Vagrancy Act repeal ends criminalising rough sleeping
If you are wondering why a law from 1824 still mattered in 2026, the short answer is this: it helped treat homelessness as something to punish instead of something to solve. On Monday 29 June 2026, ministers say the Vagrancy Act will be repealed, ending nearly 200 years of legal powers that criminalised rough sleeping and begging. In the GOV.UK announcement, Housing Secretary Steve Reed put the point plainly: people without a home need help, not punishment. That is the real change here. This is not just a legal tidy-up. It is a statement about what kind of response homelessness should get.
It helps to remember where this law came from. The Vagrancy Act was introduced after the Napoleonic Wars and during the Industrial Revolution, in a country dealing with upheaval, poverty and displacement. Laws created in moments like that can last far longer than the thinking behind them. Homelessness minister Alison McGovern called the repeal long overdue, and you can see why. The government now accepts that the Act could punish people simply for not having a home, pushing them away from support, exposing them to fines or criminal records, and making it harder to rebuild their lives.
The biggest lesson for readers is simple: rough sleeping is a housing and support issue, not a character flaw and not a public nuisance by default. When someone is sleeping on a pavement, the urgent question should be why they have ended up there and what help is available next. That is why this repeal matters beyond Westminster. **What this means:** rough sleeping itself is being decriminalised under this old law, so the state is moving away from treating visible poverty as an offence in its own right.
At the same time, ministers are careful to say this does not remove every power from councils or police. The government says the Anti-Social Behaviour, Crime and Policing Act 2014 can still be used where behaviour causes harassment or distress, and it says statutory guidance will be updated so those powers are used properly. The announcement also says the Crime and Policing Act 2026 will create new offences aimed at organised begging gangs, people who exploit others for money, and trespass linked to criminal activity. That distinction is important. Sleeping rough is not the same thing as organised exploitation, and the law is now trying to separate those two ideas.
The repeal sits alongside the National Plan to End Homelessness, which the government says is backed by £3.6 billion over the next three years. Ministers say the plan aims to halve long-term rough sleeping and end the unlawful use of B&Bs for families by the end of this Parliament. Some of that money is already attached to named schemes. The government says £159 million for supported housing will help more than 2,500 people across England either leave the streets or avoid them in the first place. It also points to a £37 million Ending Homelessness in Communities Fund, a £15 million Long-Term Rough Sleeping Innovation Programme for 28 areas under the most pressure, and £950 million to improve temporary accommodation.
The housing side matters just as much as the legal change. Repealing a law does not create a single home on its own, which is why ministers are also pointing to £39 billion for social and affordable housing over the next 10 years. In the notes attached to the announcement, the government says affordable housing starts in 2025–26 reached 42,499, up 26% on the previous year and 35% on 2023/24. Completions rose to 43,104, up 8%, and starts under the 2021–26 Affordable Homes Programme have reached 117,947. For you as a reader, the useful question is not only how much money is being announced, but whether it turns into secure homes people can actually afford.

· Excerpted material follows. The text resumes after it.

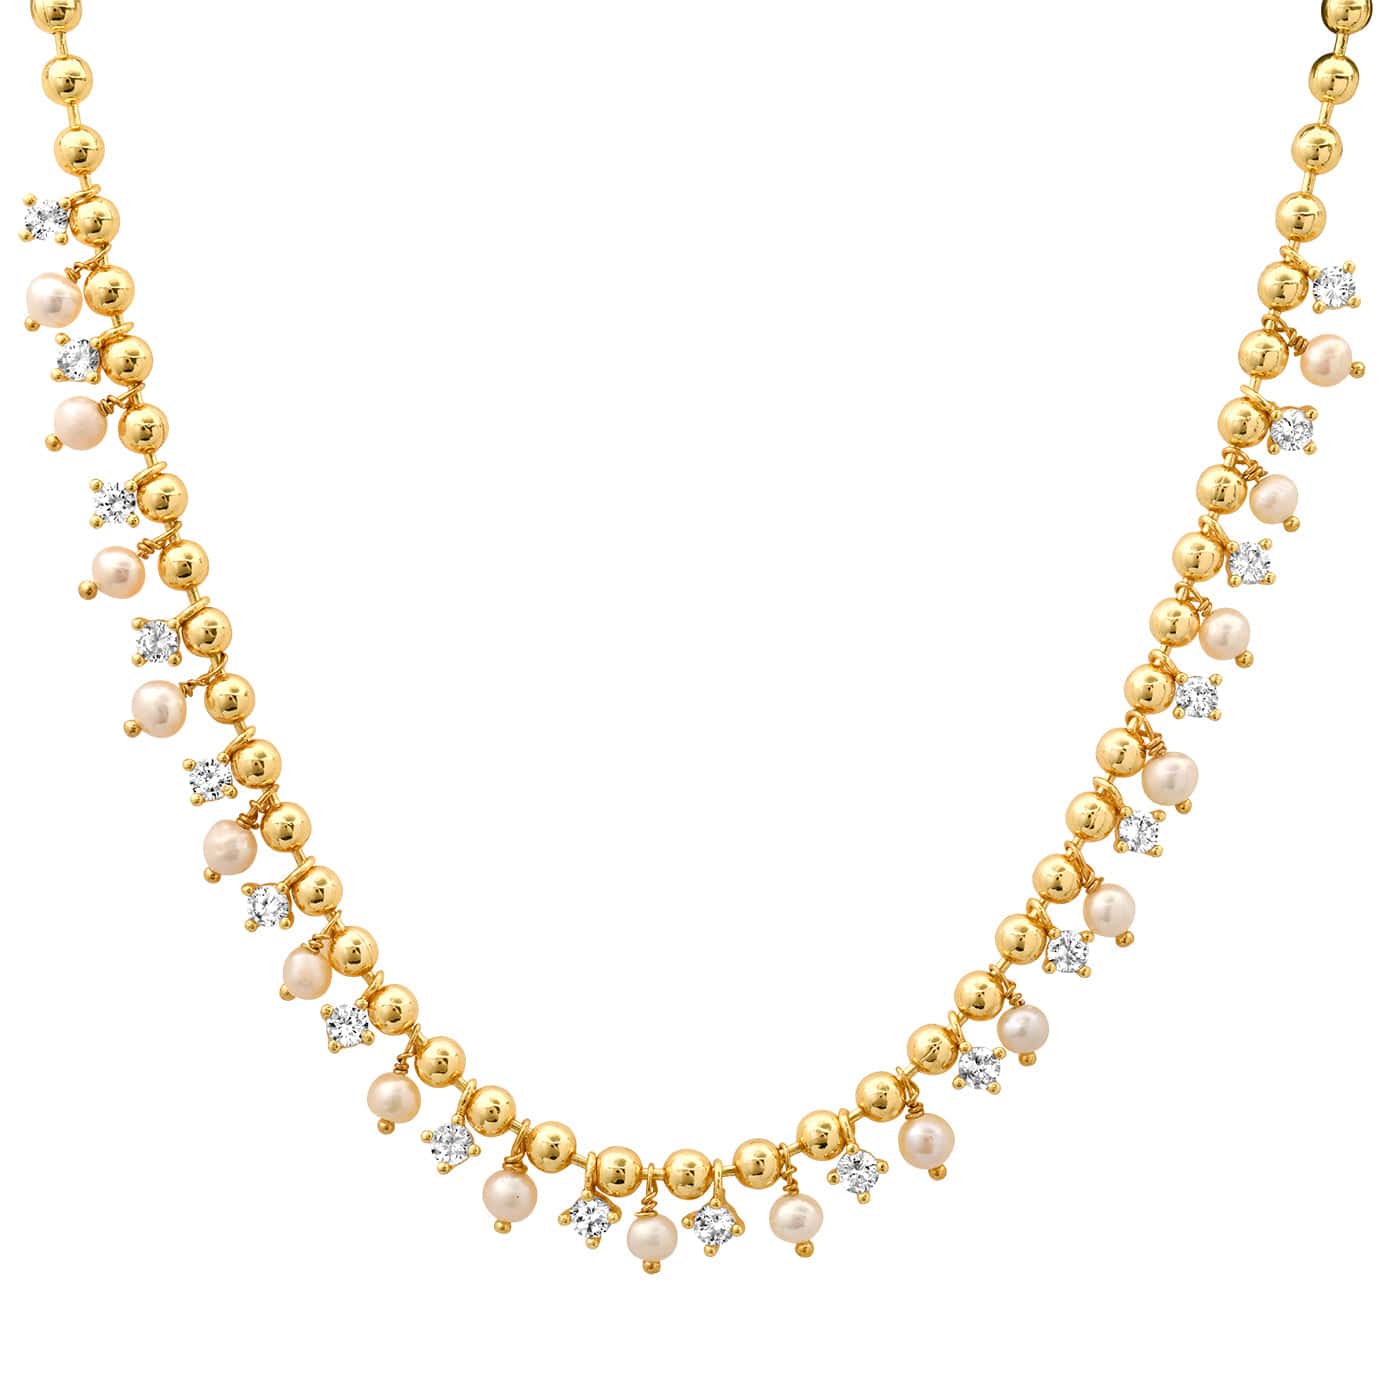 TAI JEWELRY Gold Ball Necklace with Alternating CZ and Pearl Stones

The plan is also trying to stop homelessness earlier, before it becomes street homelessness. The government says it wants to halve the number of people who become homeless on their first night out of prison, and it says no eligible person should be discharged to the street after a hospital stay. Its longer-term aim is that nobody should leave a public institution straight into homelessness. There is another thread here that should not be missed: domestic abuse. The government says research from the Rough Sleeping Questionnaire 2025 found that nearly 70% of women who experienced rough sleeping in the past year had experienced domestic abuse since the age of 16. Ministers say the upcoming Social Housing Bill will strengthen protections for survivors, while the Renters' Rights Act is set to abolish Section 21 no-fault evictions, which have pushed many renters towards homelessness.
Charities that have campaigned on this for years say the repeal is overdue. In the government release, Crisis called it a watershed moment, St Mungo's said outreach teams see every day how arrests deepen distrust, and Housing Justice and Homeless Link both welcomed the end of a law they say punished people for having nowhere safe to sleep. There is also a practical message after a week of record temperatures. The government is reminding the public about StreetLink, the alert system that lets you tell local services when someone is rough sleeping and may need support. The deeper test starts after Monday 29 June 2026: if this legal change is followed by housing, prevention and properly funded services, it could mark a real break with a two-century-old habit of punishing homelessness. If not, the Act will be gone, but the crisis will still be with us.